Racism without Racists: Color-Blind Racism and the Persistence of Racial Inequality in America, Fifth EditionPosted in Barack Obama, Books, Media Archive, Monographs, Politics/Public Policy, Social Justice, Social Science, United States on 2017-07-05 13:25Z by Steven |
Rowman & Littlefield
June 2017
360 pages
Hardback ISBN: 978-1-4422-7622-2
Paperback ISBN: 978-1-4422-7623-9
eBook ISBN: 978-1-4422-7624-6
Eduardo Bonilla-Silva, James B. Duke Distinguished Professor of Sociology
Duke University, Durham, North Carolina
- Provocative and engaging—praised by adopters as a book that students actually read
- Adopters say the book challenges many of their white students to see themselves and their attitudes towards race differently, while helping minority students find language to talk about their experiences
- Highlights the problems with many of the phrases students often use to talk about race in America, such as “I don’t see race,” or “Some of my best friends are black”

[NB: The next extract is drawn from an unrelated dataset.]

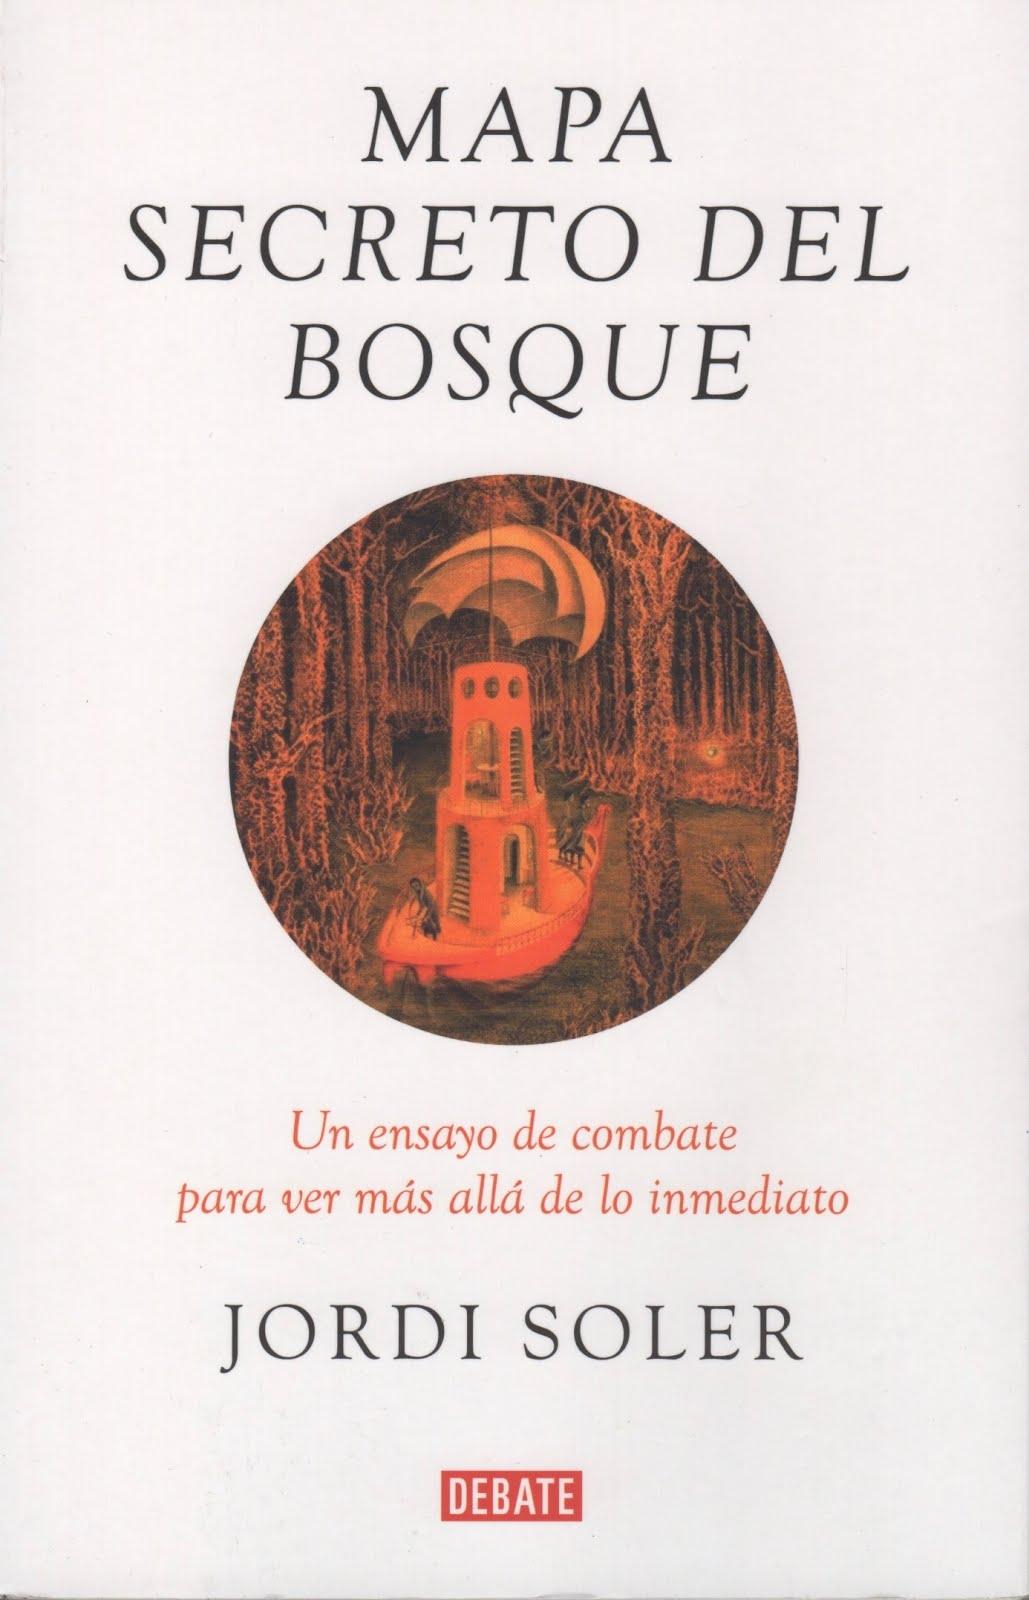 Jordi Soler (Mapa secreto del bosque) Un ensayo de combate para ver más allá de lo inmediato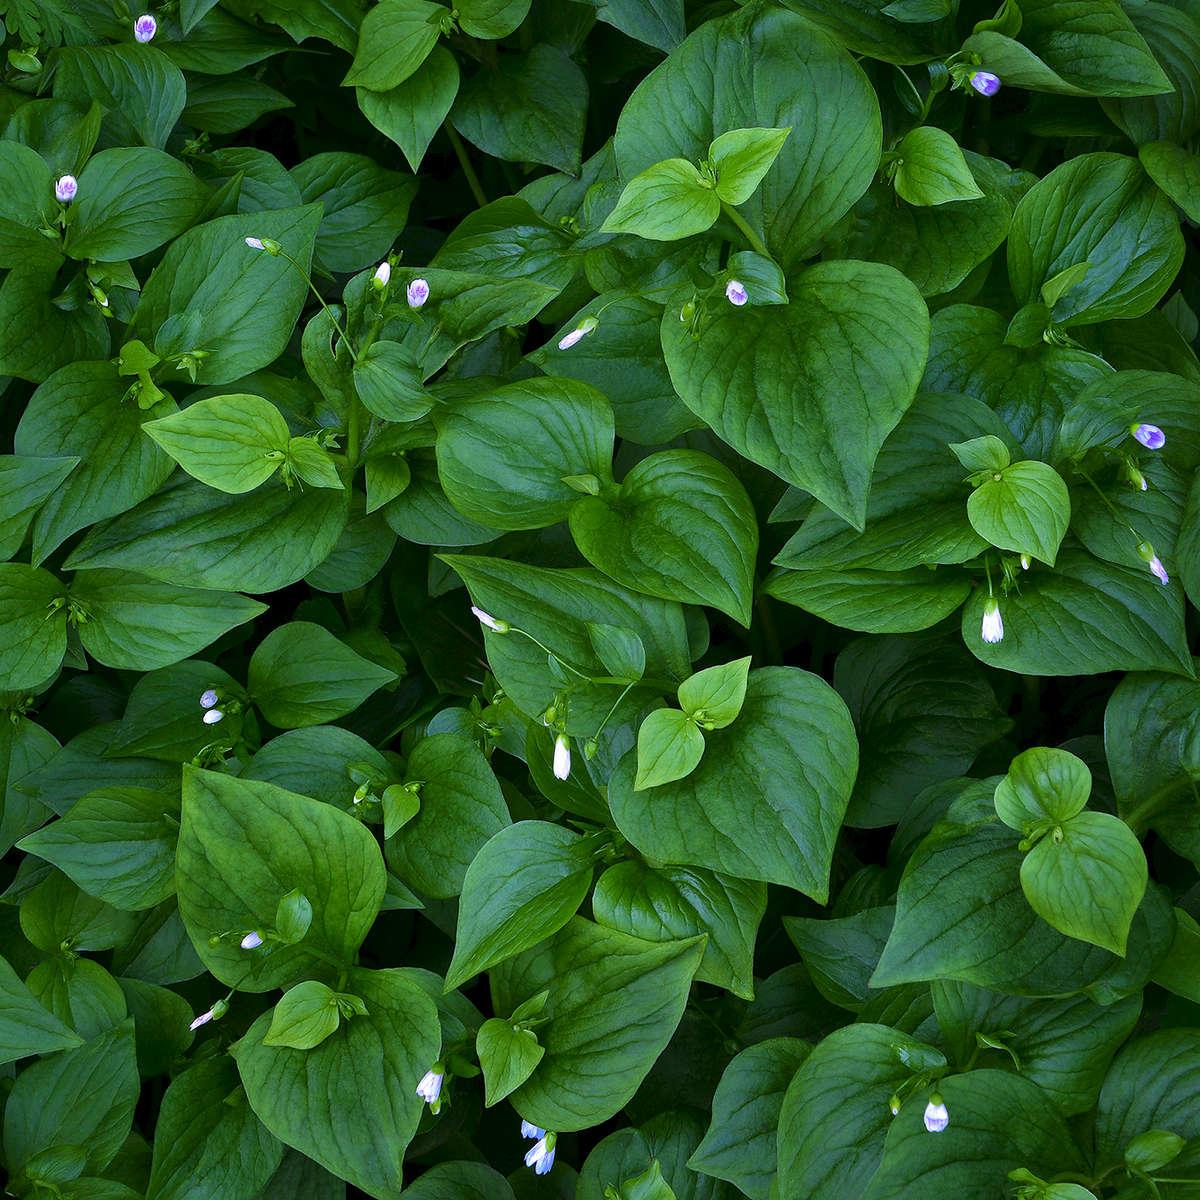 Brunnera-Macrophylla-_false-forget-me-not_-for-web

- Features a new chapter that is often requested by students—how to challenge racism on both the individual and the structural levels
- Includes new material on the Black Lives Matter movement, the impact of the Obama presidency and its aftermath, the rise of Donald Trump and the 2016 elections, and more
Eduardo Bonilla-Silva’s acclaimed Racism without Racists documents how, beneath our contemporary conversation about race, there lies a full-blown arsenal of arguments, phrases, and stories that whites use to account for—and ultimately justify—racial inequalities. This provocative book explodes the belief that America is now a color-blind society. The fifth edition includes a new chapter addressing what students can do to confront racism—both personally and on a larger structural level, new material on Donald Trump’s election and the racial climate post-Obama, new coverage of the Black Lives Matter movement, and more.